This portrait is one of three associated works depicting émigrée Sonia Husid (1906–1985), known by her nom de plume N. M. Seedo. Possibly a distant relative of Kossoff’s, she was an important model for the artist in this period. Seedo refers to their friendship in her semi-autobiographical account, 'In the Beginning was Fear' (1964), which also movingly describes her experiences of pogroms, fear and loss in Romania. In this empathic portrait Kossoff clearly conveys her strength through suffering.
Seedo was also known in her own right in Britain as a Yiddishist. Born in Bessarabia and educated in Vienna, she was a member of the socialist Zionist youth group Hashomer Hatzair and the (then illegal) Romanian Communist Party before she settled in England in 1930. Seedo married fellow immigrant and Yiddish writer Y. I. Lisky (originally Yehuda Itamar Fuchs, official name Summer Fuchs) in London in 1935; they subsequently divorced and remarried in 1970.

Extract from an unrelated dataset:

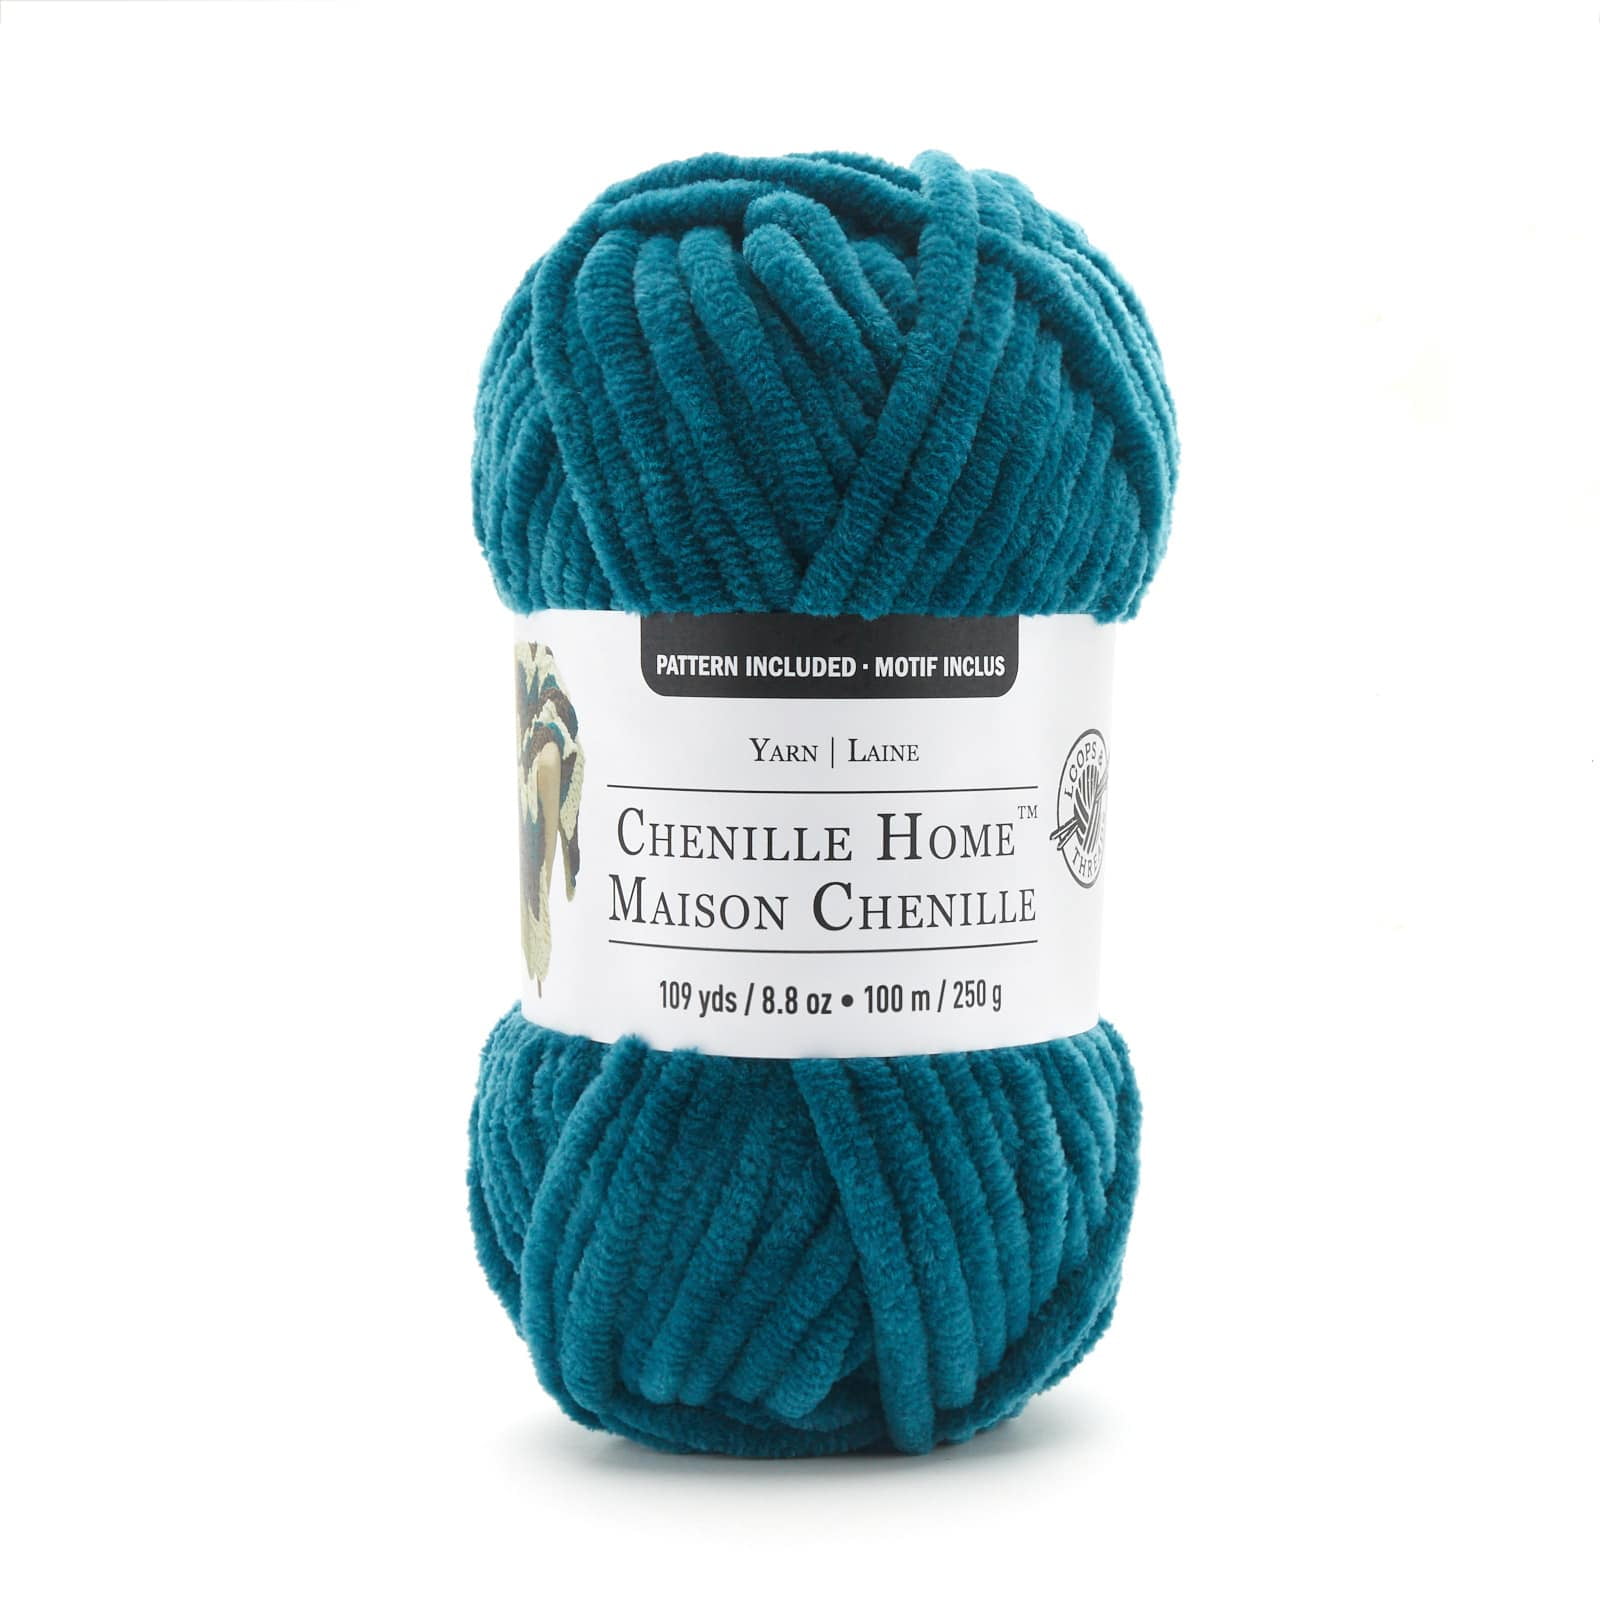 Cuddly Chenille Eco™ Yarn by Loops & Threads™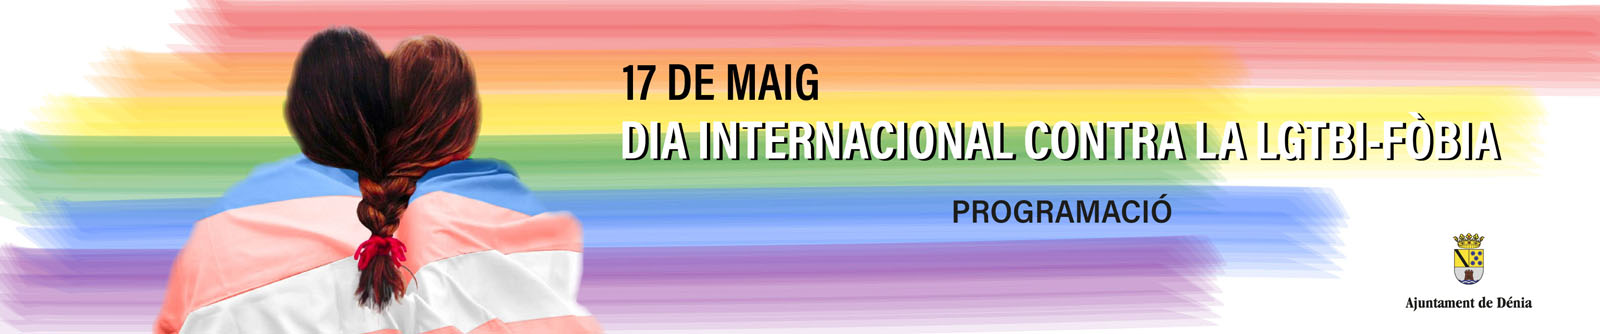 17M Dia Internacional contra la LGTBI-Fòbia

'Portrait of N. M. Seedo' bears a striking resemblance to 'Seated Woman', a 1957 oil painting, and a charcoal and conté drawing of the same title exhibited in Kossoff’s second and third London Group exhibitions. Heavily delineated with fluent thick black marks and depicted in three-quarters profile, N. M. Seedo sits with her hands together, and eyes downcast. The tubular arm-rest that portions off the bottom left corner is a compositional device that recurs in later works.